Everything from the line containing "Paradijsvogels - Ingelijste" through the last line of the entries needs to be repeated exactly. Pictures must be left out.
%%
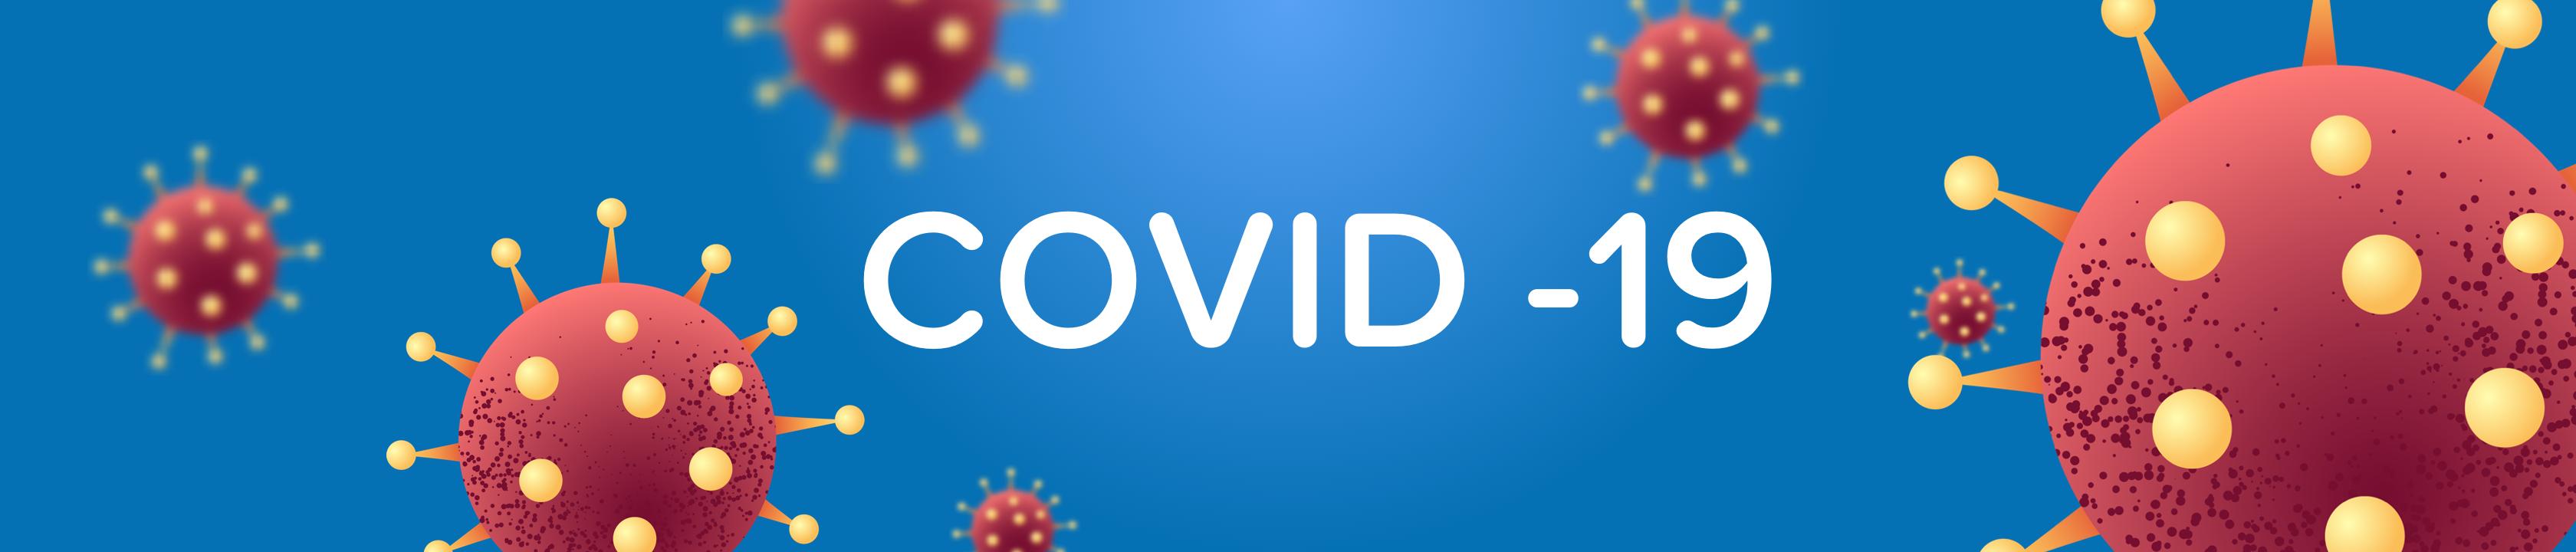 The COVID-19 Community
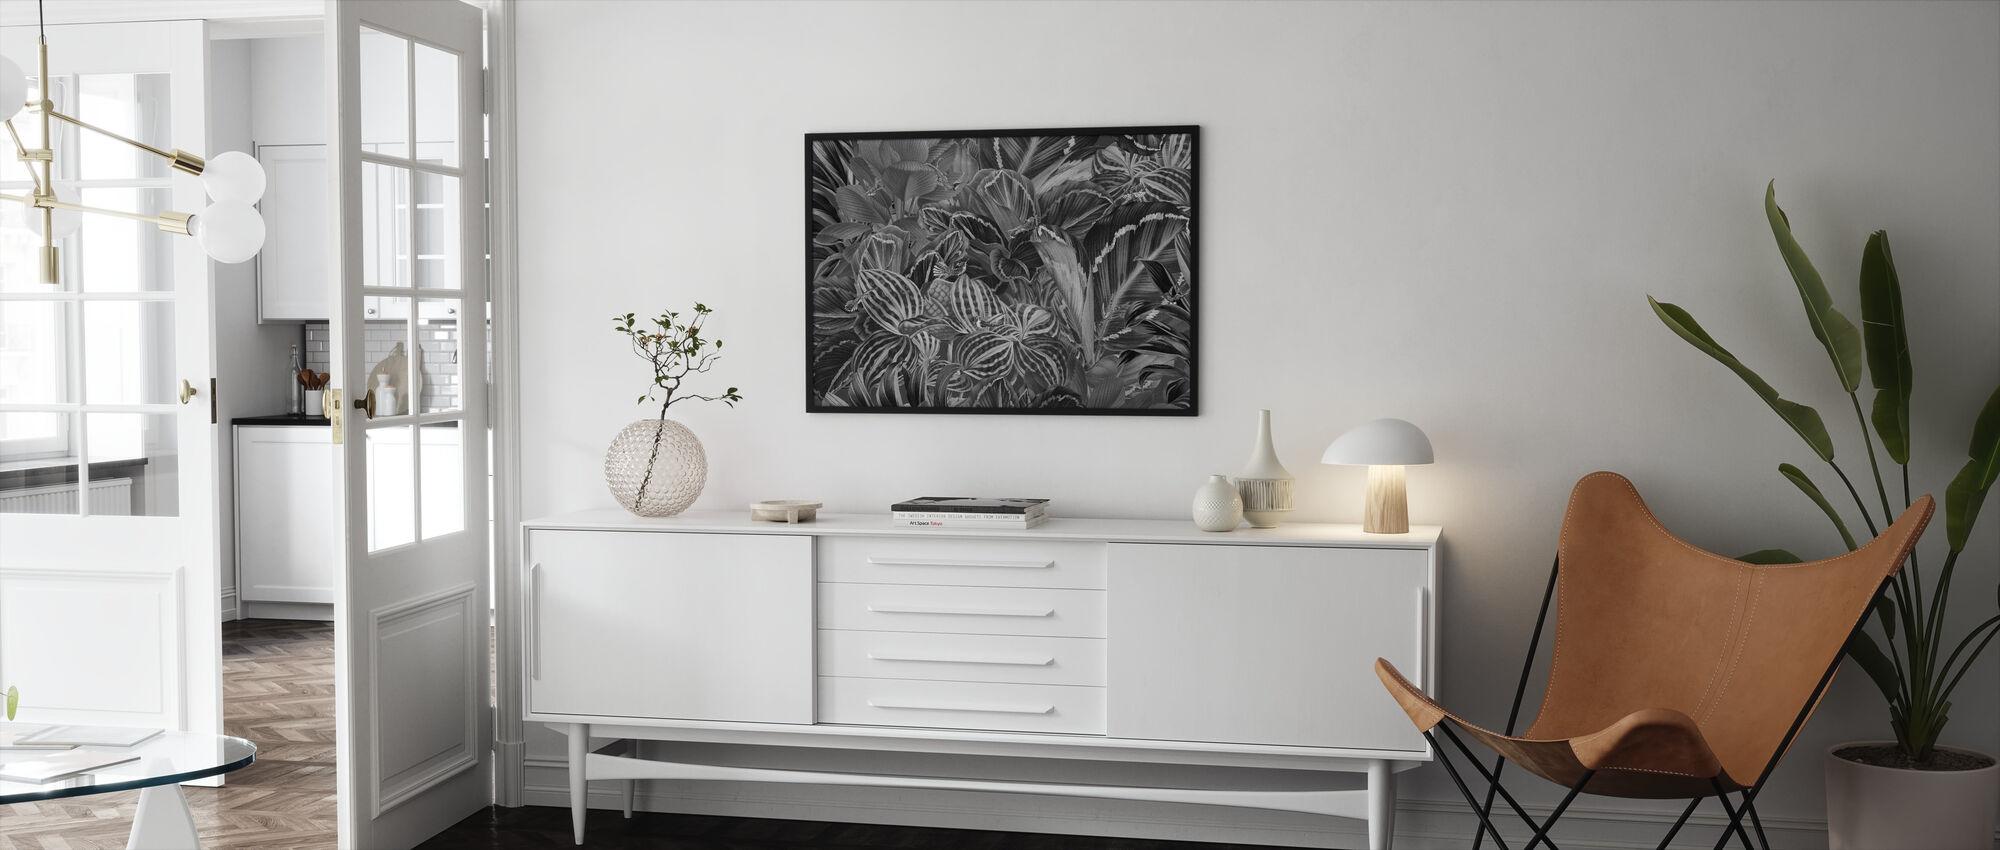 Paradijsvogels - Ingelijste print - Woonkamer
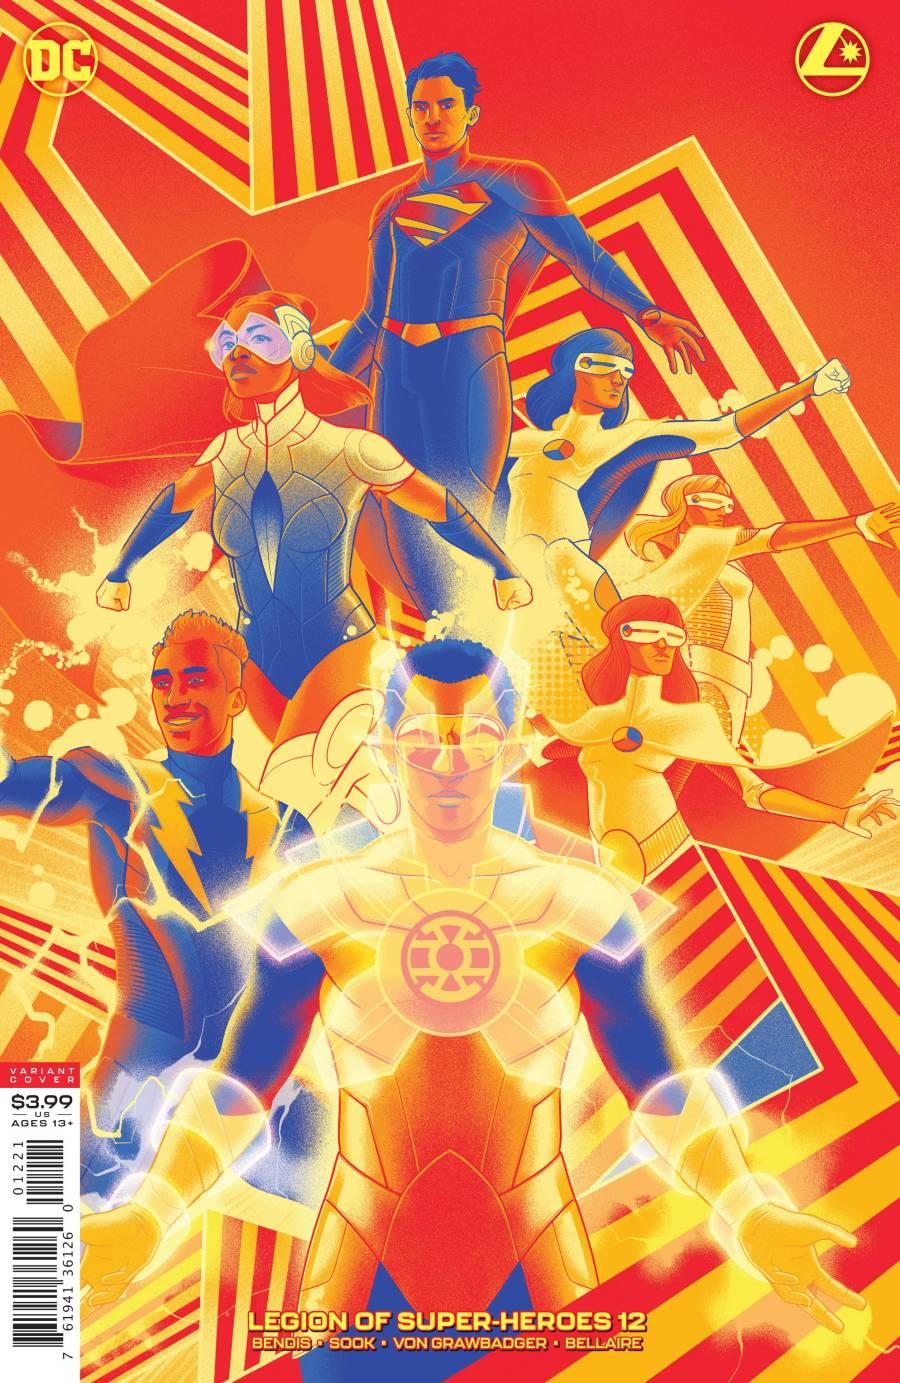 Legion Of Superheroes #12 Review - The Aspiring Kryptonian
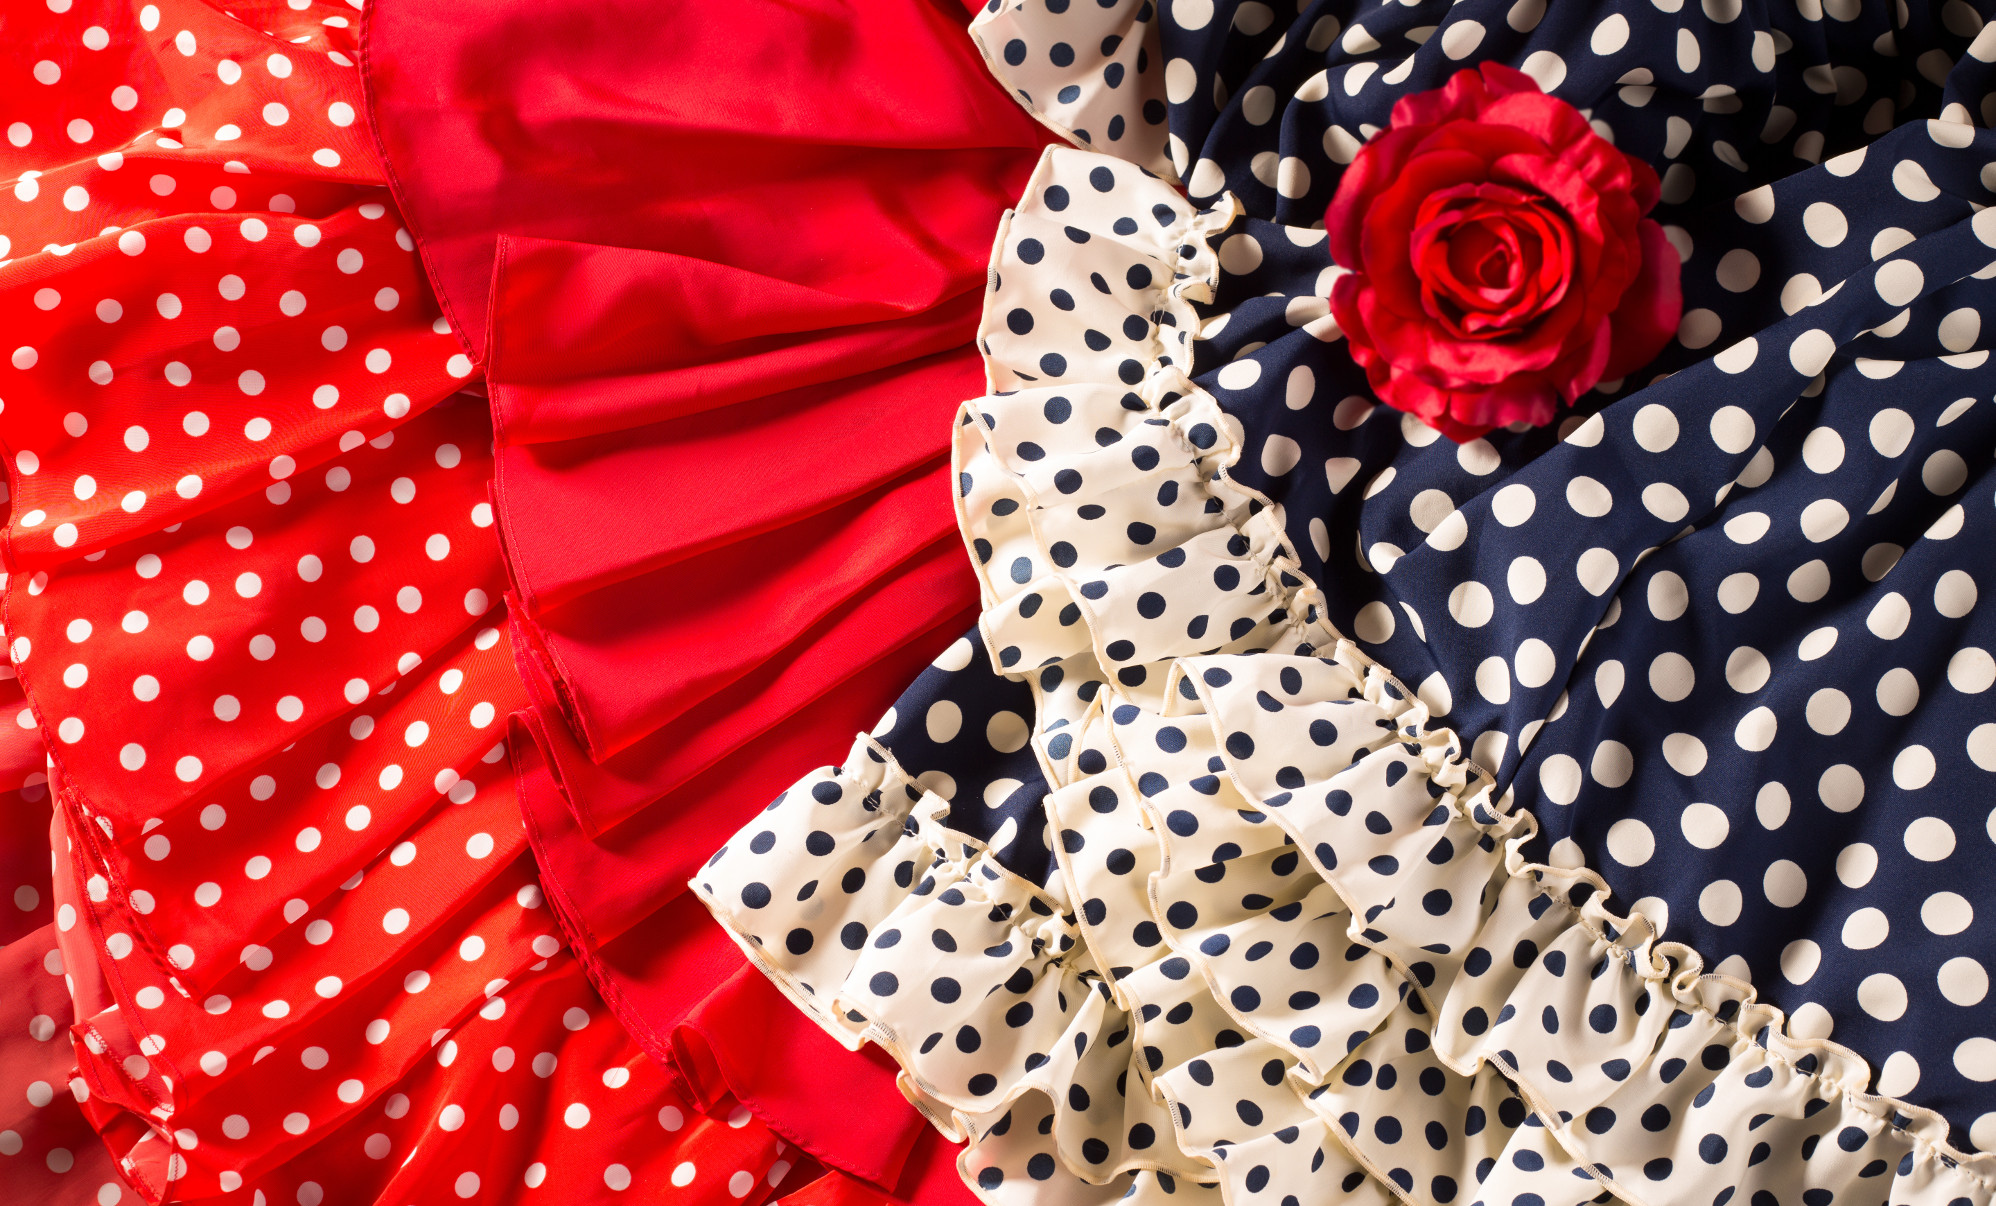 c322ffca9 Cuáles serán las tendencias en moda flamenca de Sevilla para este 2018
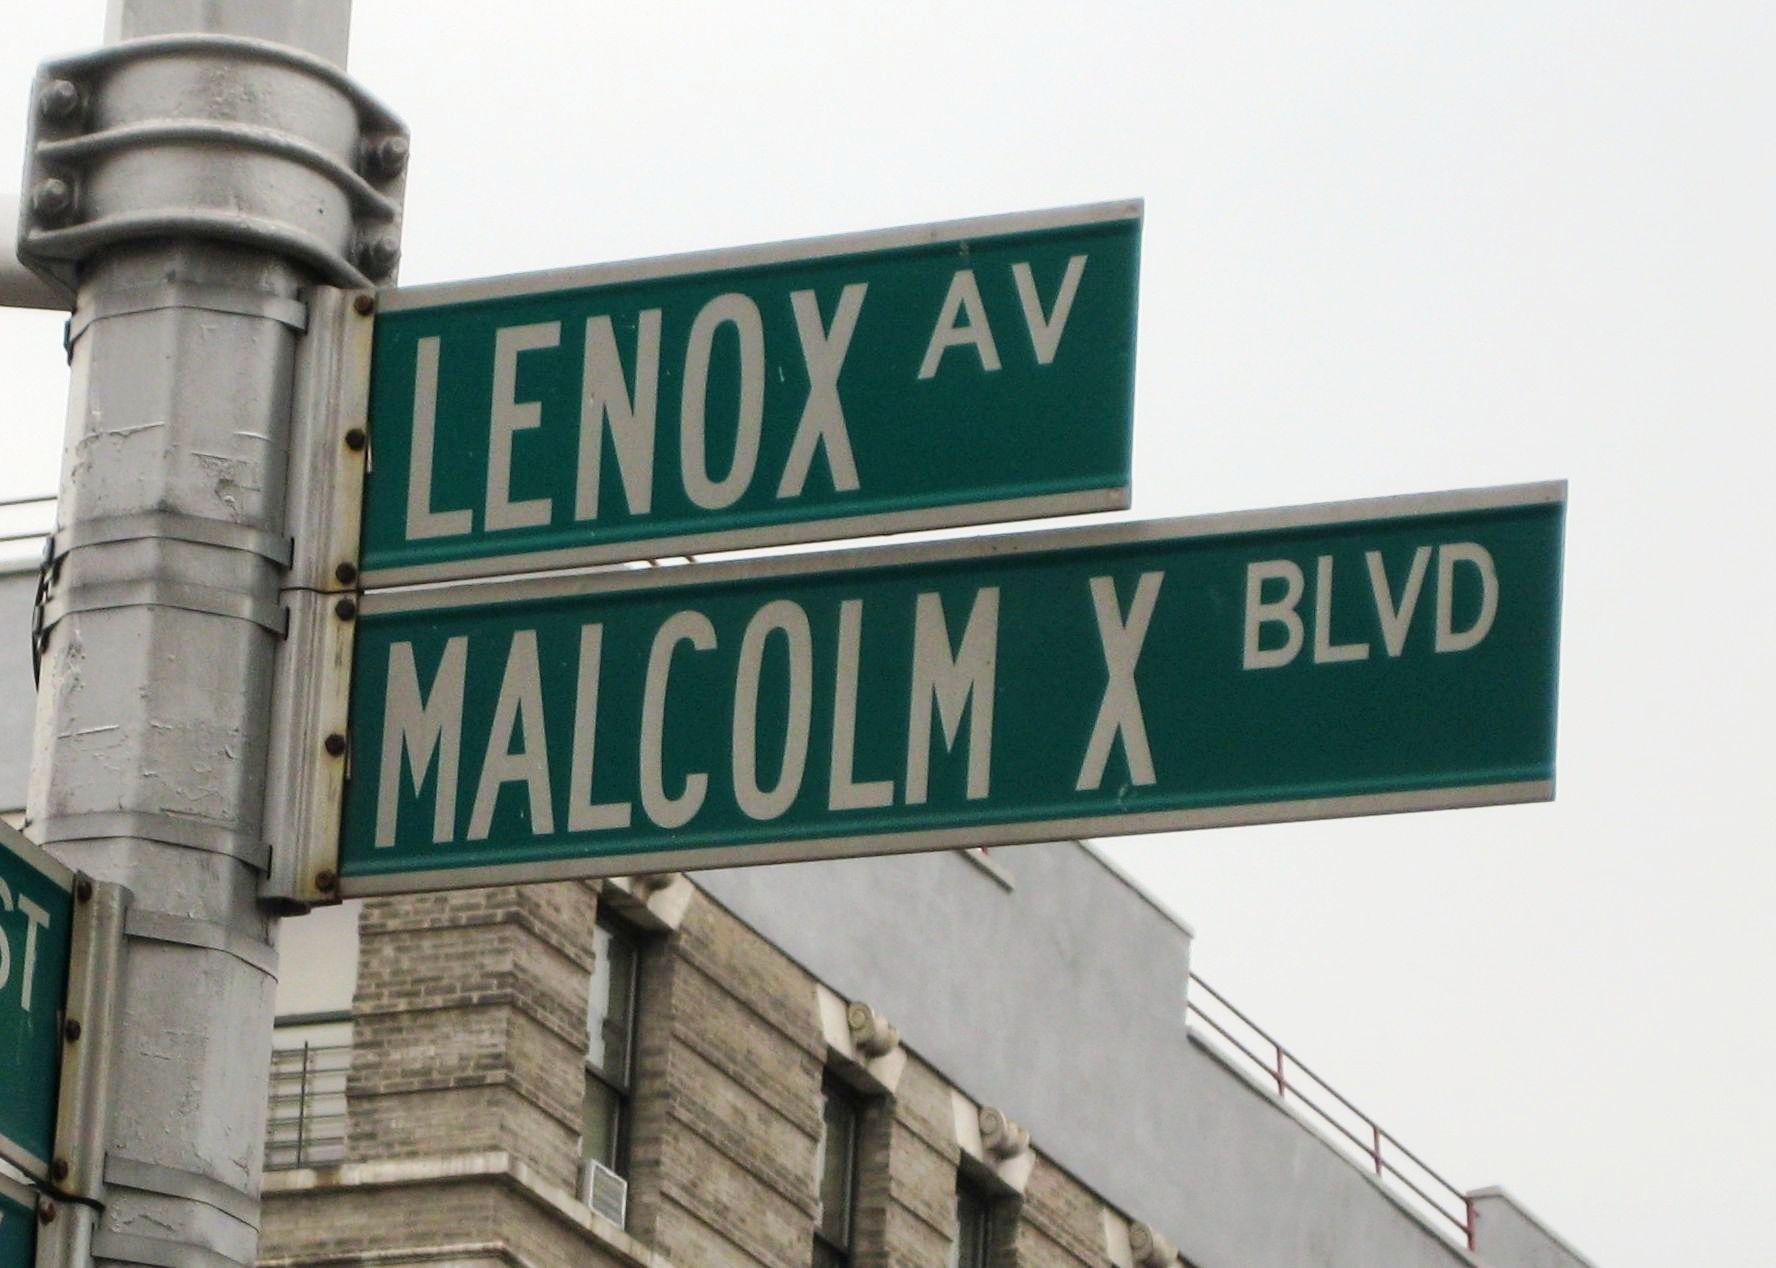 malcolm x blvd street sign.jpg
%%
Your response
 Paradijsvogels - Ingelijste print - Woonkamer
 Legion Of Superheroes #12 Review - The Aspiring Kryptonian
 c322ffca9 Cuáles serán las tendencias en moda flamenca de Sevilla para este 2018
 malcolm x blvd street sign.jpg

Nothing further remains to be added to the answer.